暗号

 小夜子が失踪した。翌朝のことだった。

 私が教室に入ったとき、妙な感じがした。解消するのに多くの時間はかからなかった。小夜子の席がなかったのだ。

 それだけじゃない。クラスメイトは、それがさも当然のように振る舞っている。机に腰掛けて談笑する男子たちも、「おはよう」と私に手を振る仁美も。

「ねえ聞いてよお」仁美が抑揚をつけて話す。「月船に乗ってきたおじいちゃんが、今朝帰ってきて、おみやげを渡してくれたの。羨ましいでしょう」

 仁美は「東京ばなな」と書かれた小型の箱を取り出した。本当は、小夜子のことが心配でそれどころじゃなかった。でも仁美の話を広げないと、いつ仲間外れにされるか分かったものじゃない。

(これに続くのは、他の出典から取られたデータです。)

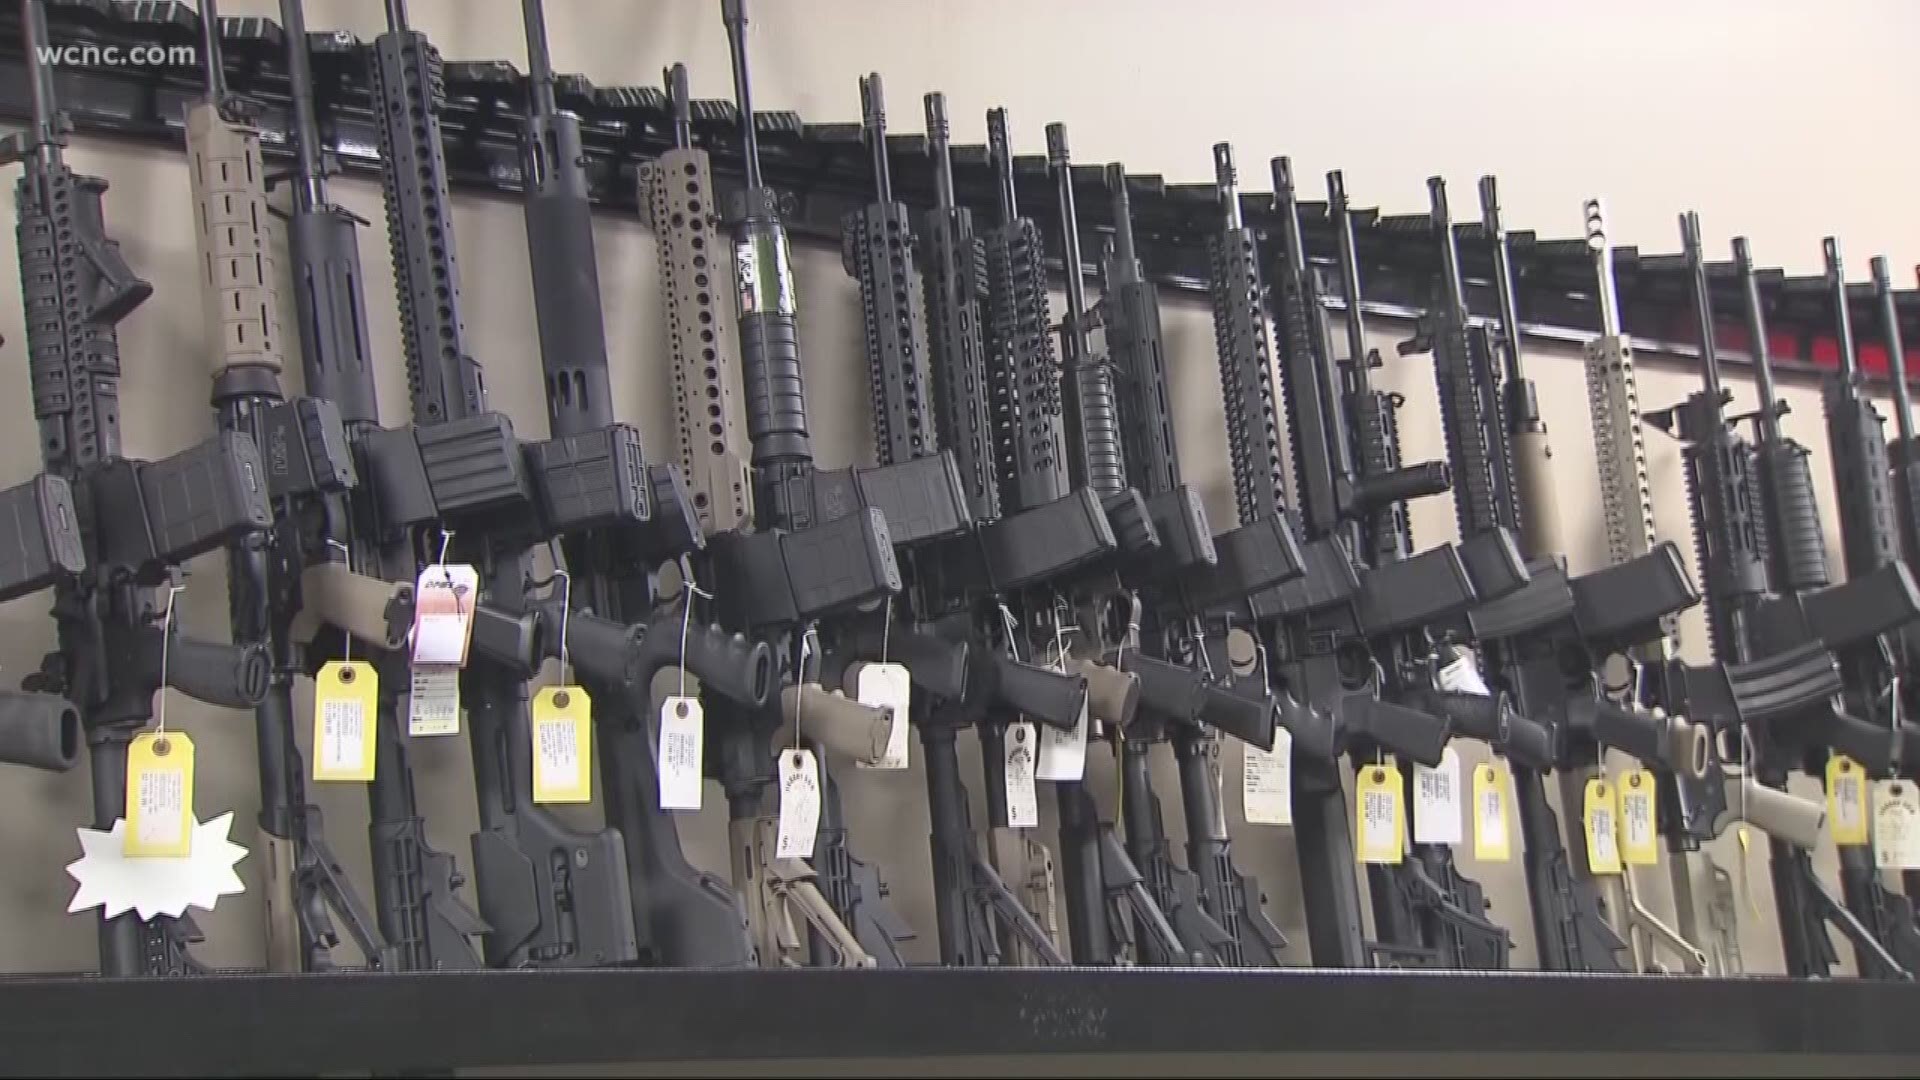 NC bill limits gun rights for dementia patients

 結局、仁美の話に合わせた。「おじいさん、帰ってきたんだ」

「でも、すぐに行っちゃうみたい。月船の燃料補給が一日くらいで終わるから。にしても、東京ねえ。可愛い服が沢山あったみたいよ。睦月は絶対に知らないと思うけど。絶対にね」

「へえ、そうなんだ」適当に相槌を打ちながら、私は東京ばななを眺めた。

 東京といえば、海面上昇の影響で、神奈川・千葉・埼玉・茨城と共に沈没したはずだ。六〇年ほど前の話らしい。それから大坂都が急遽設置されたそうだ。もっとも、私たちは群馬県の高崎市に住んでいるから関係ないけど。

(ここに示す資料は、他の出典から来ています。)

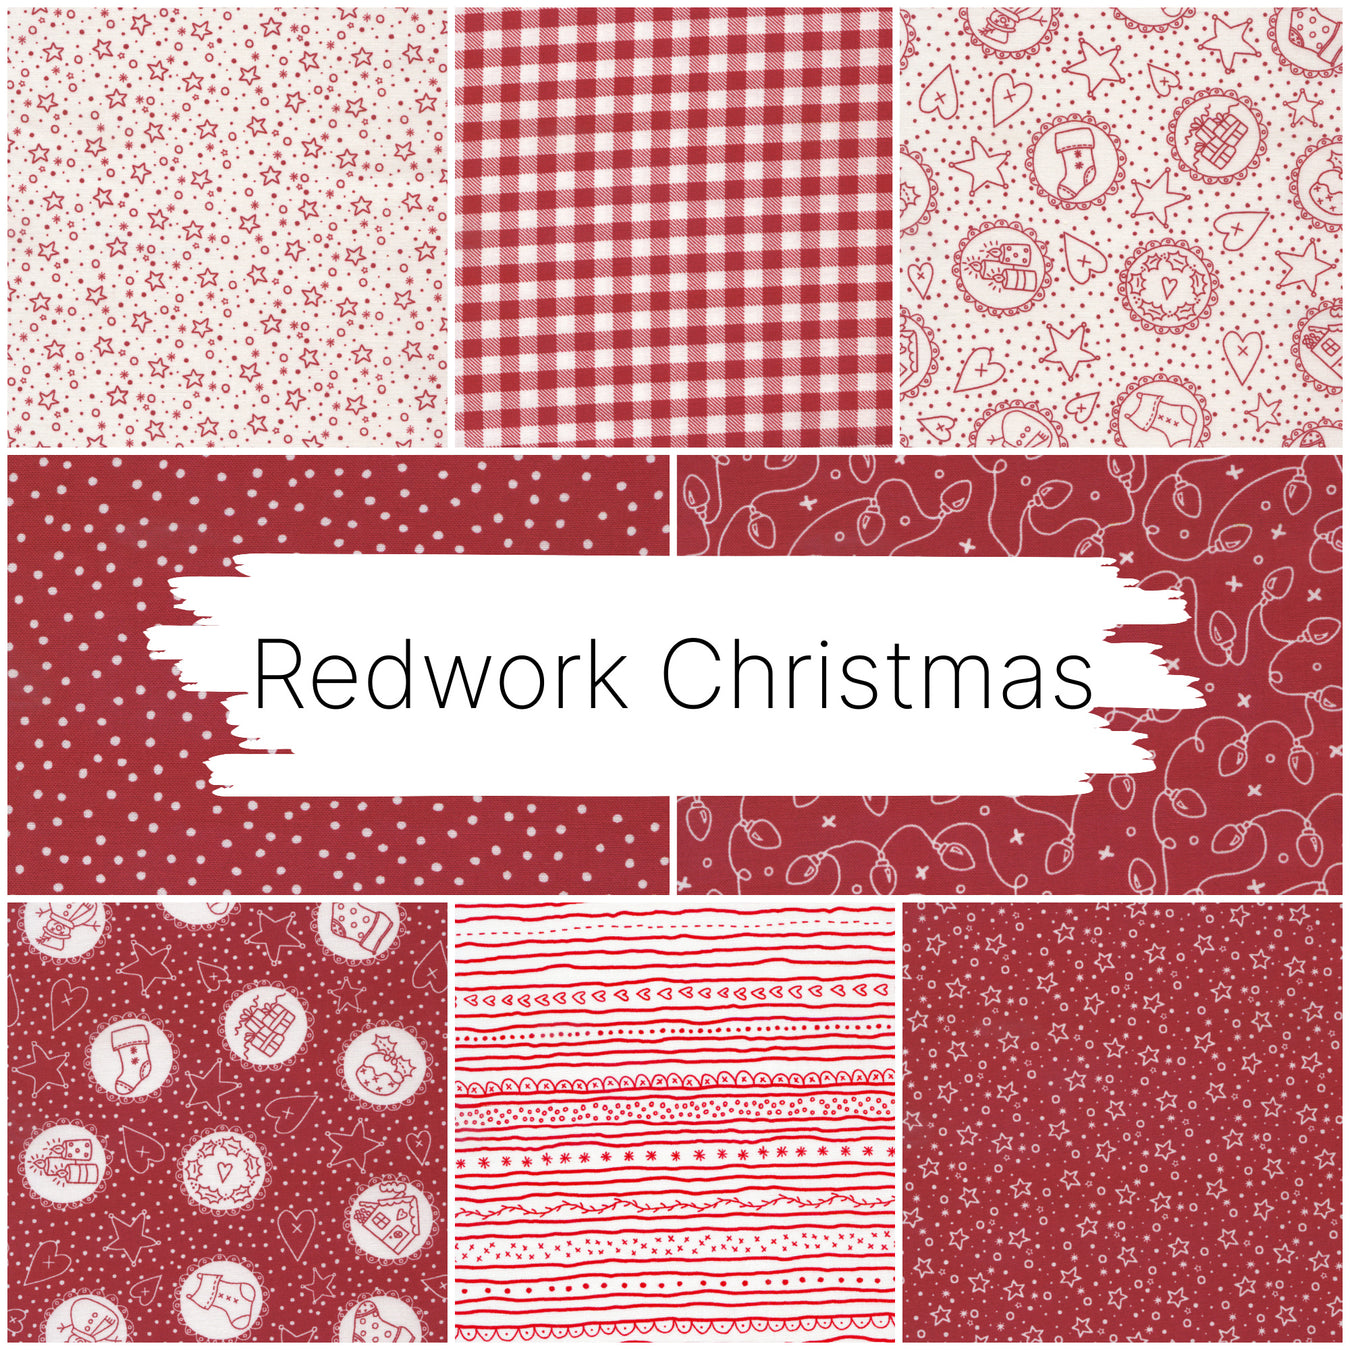 Redwork Christmas

 なにはともあれ、仁美は自慢がしたいんだろう。海底に沈んだ東京の遺産を見せびらかすことで、優越感に浸りたいんだろう。辟易する。睦月は絶対に知らないって、見下しているような言い方をして。また彼女のことが苦手になっていく。

 ガタリ、と教室の扉が開いた。裕介だ。「あれっ」と呟き、戸惑ったような顔つきになっている。裕介も違和感を覚えているんだろう。小夜子の席がないことも、それを気にせずに過ごしている私たちのことも。

「睦月」裕介が歩み寄ってくる。「どういうことだ」

 仁美との会話から離脱するにはいい口実だ。仁美に「ごめん」と告げてから、裕介と廊下に出た。喧騒と雑踏に包まれる。静寂を求めるように、私たちは階段の踊り場へと向かった。

 着いて早々、裕介が切り出した。「小夜子の席がなかった。何か知らないか」

「知らない」私はかぶりを振る。「疑問に思ってたよ。私だって」

「知らんぷりして、仁美と楽しく話していたように見えたが」

「世間体って分からないの?」私は声を荒げた。「話しかけられたから相槌を打っただけ。小夜子の悪口を言うヤツと、どうして楽しく話さなきゃいけないわけ?」

「今、自分も陰口を叩いていることを忘れんなよ」

 沈黙が訪れる。もはや喧騒も雑踏も聞こえない。ばつが悪い。

 裕介がどうかは知らないけど、私はちょっとだけ反省していた。問題は小夜子の席が消えていることなのに、関係ないことで揉めたら仕方がない。まだまだ子供なんだな、と自戒する。

「思うんだ」裕介が口を開く。「小夜子、仁美とかにいじめられてんじゃないかな」

 その可能性は考えた。陰口以上の悪意が小夜子に向けられている可能性。でも、小夜子は強い子だ。そんなもの、平手打ちではねのけちゃって、ケラケラ笑っている子なんだ。

 だから違う、と思う。確証はないけど、きっと違う。

「それとなく、仁美に訊いてくれないか」裕介が言った。「睦月、仁美とよく話しているだろう」

 でも、その提案に乗ることはできない。私は首を横に振った。裕介は不機嫌そうに舌打ちする。それから「どうしてだ」と怒鳴る。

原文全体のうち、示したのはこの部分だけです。